Start of Dataset section

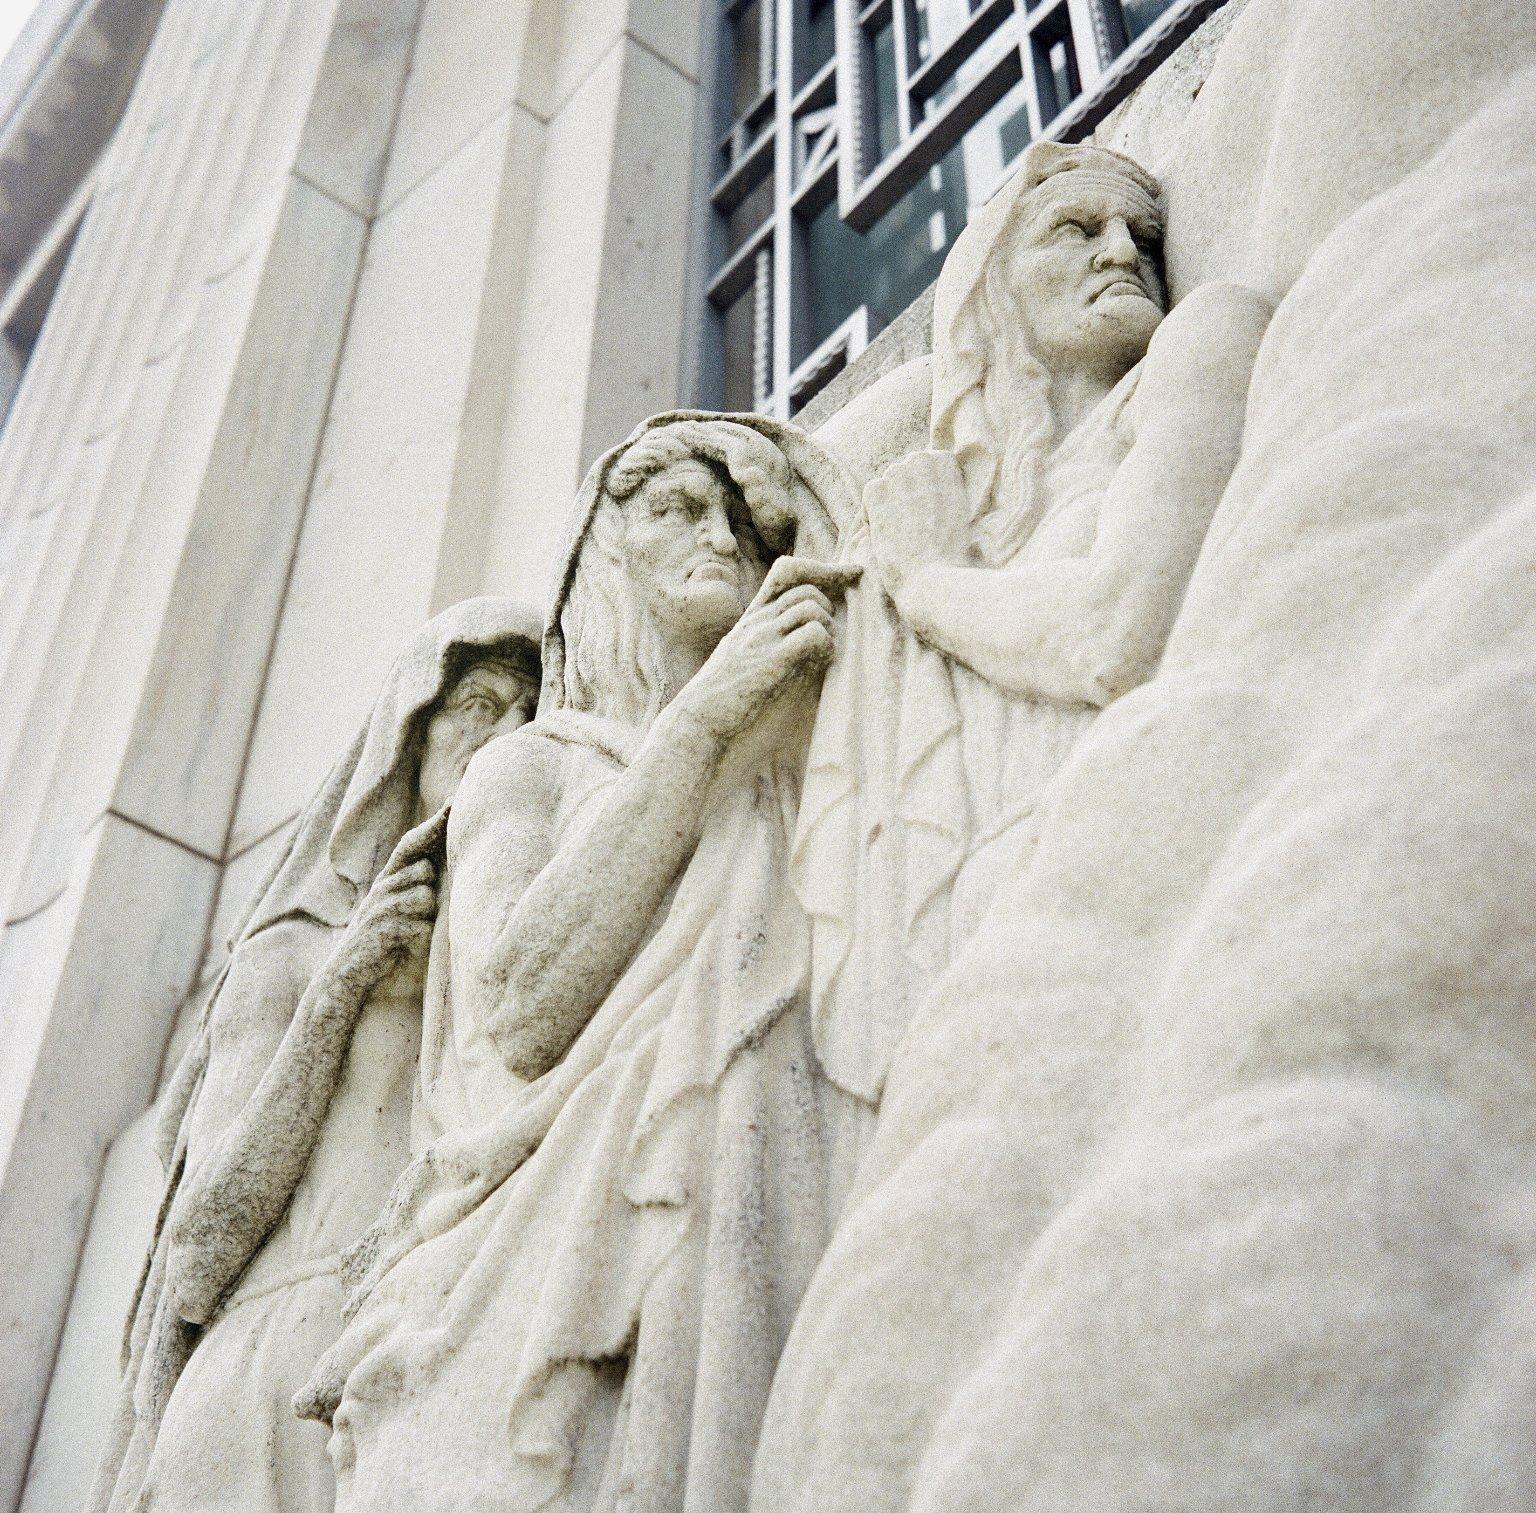 Macbeth bas relief
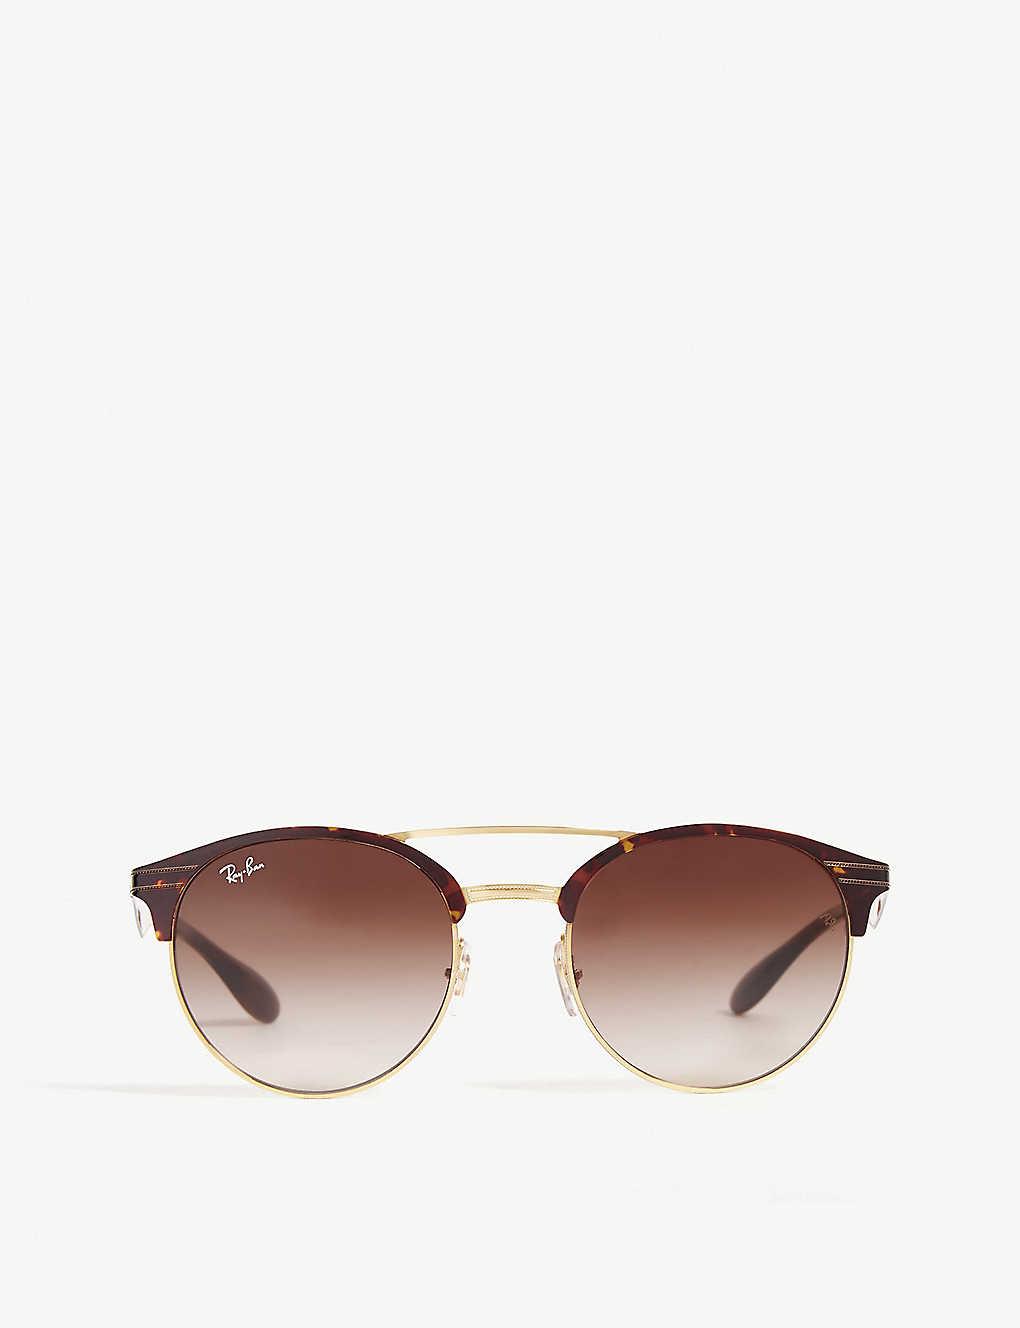 22afb1bf56 RAY-BAN - RB3545 phantos-frame sunglasses
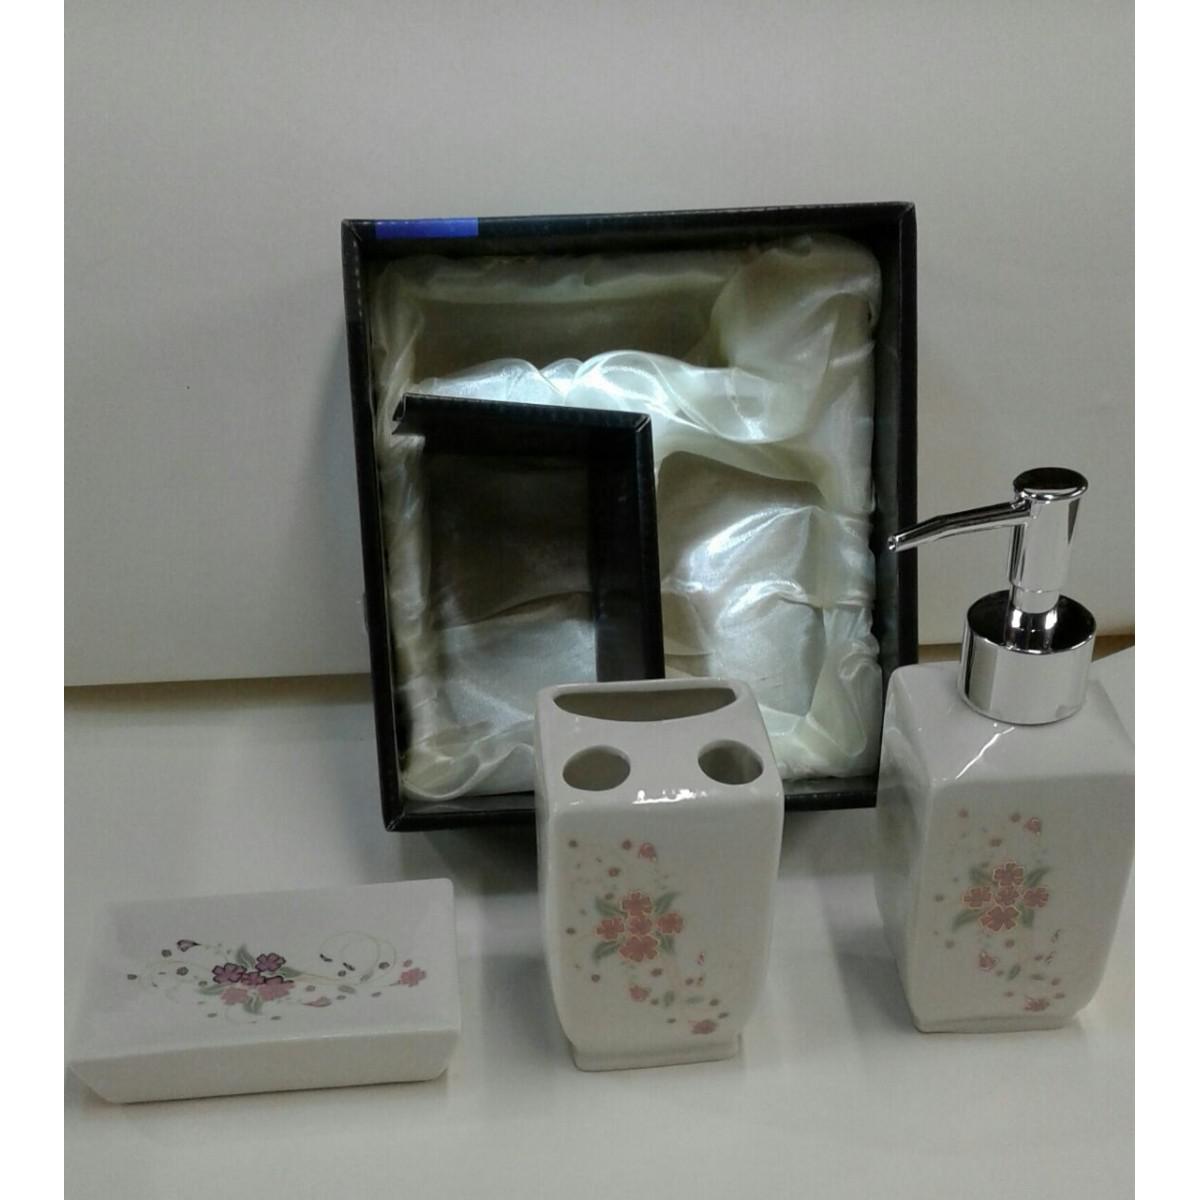 Kit Banheiro Porcelana : Kit de banheiro floral porcelana wincy casa banho
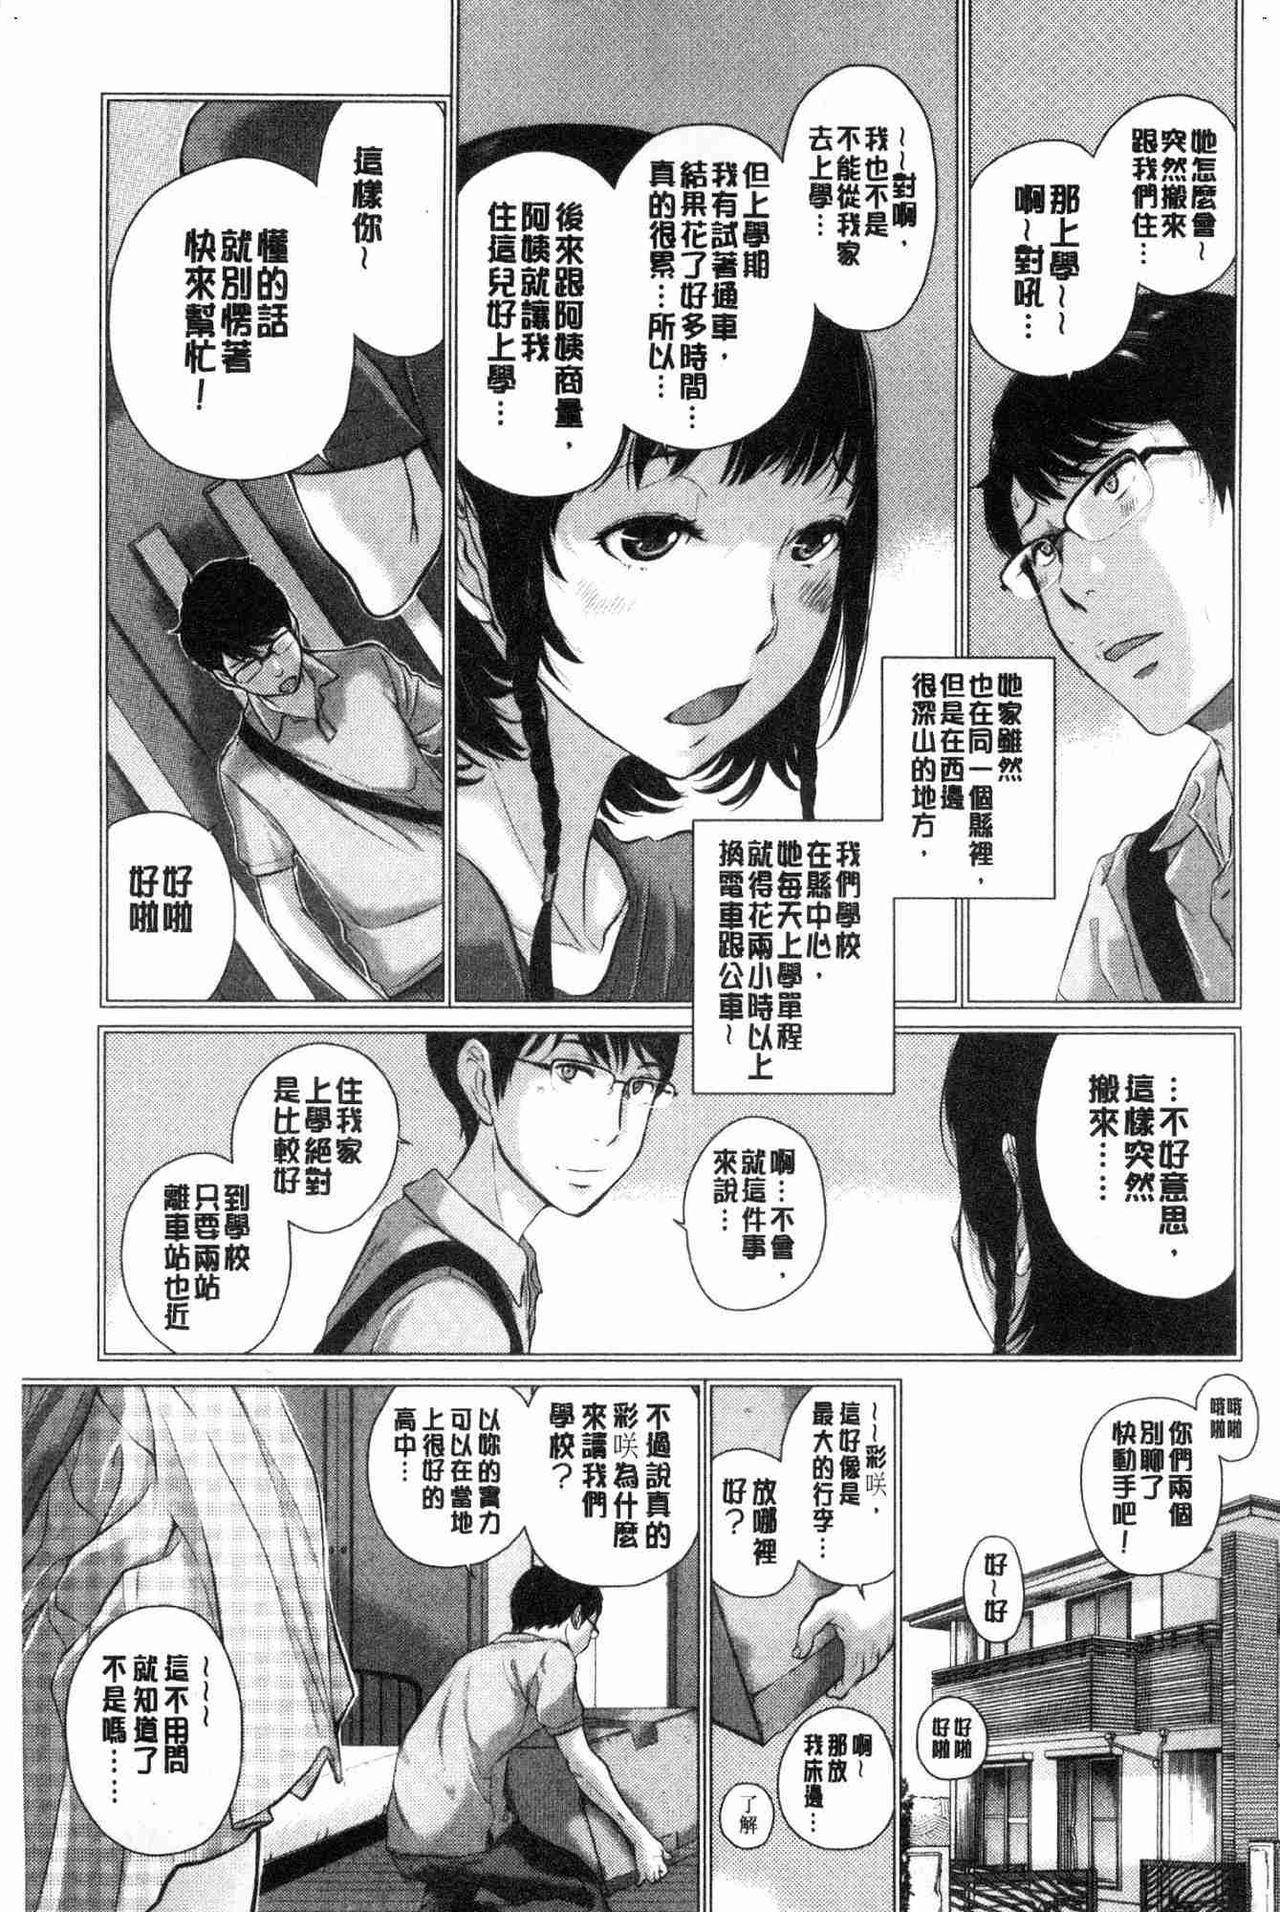 [Harazaki Takuma] Seifuku Shijou Shugi -Natsu- - Uniforms supremacy [Chinese] 9

End of Dataset section

- _About this exercise_
Would you retype the listing above exactly, omitting its pictures?

- _Solution to the exercise_
 Macbeth bas relief
 22afb1bf56 RAY-BAN - RB3545 phantos-frame sunglasses
 Kit Banheiro Porcelana : Kit de banheiro floral porcelana wincy casa banho
 [Harazaki Takuma] Seifuku Shijou Shugi -Natsu- - Uniforms supremacy [Chinese] 9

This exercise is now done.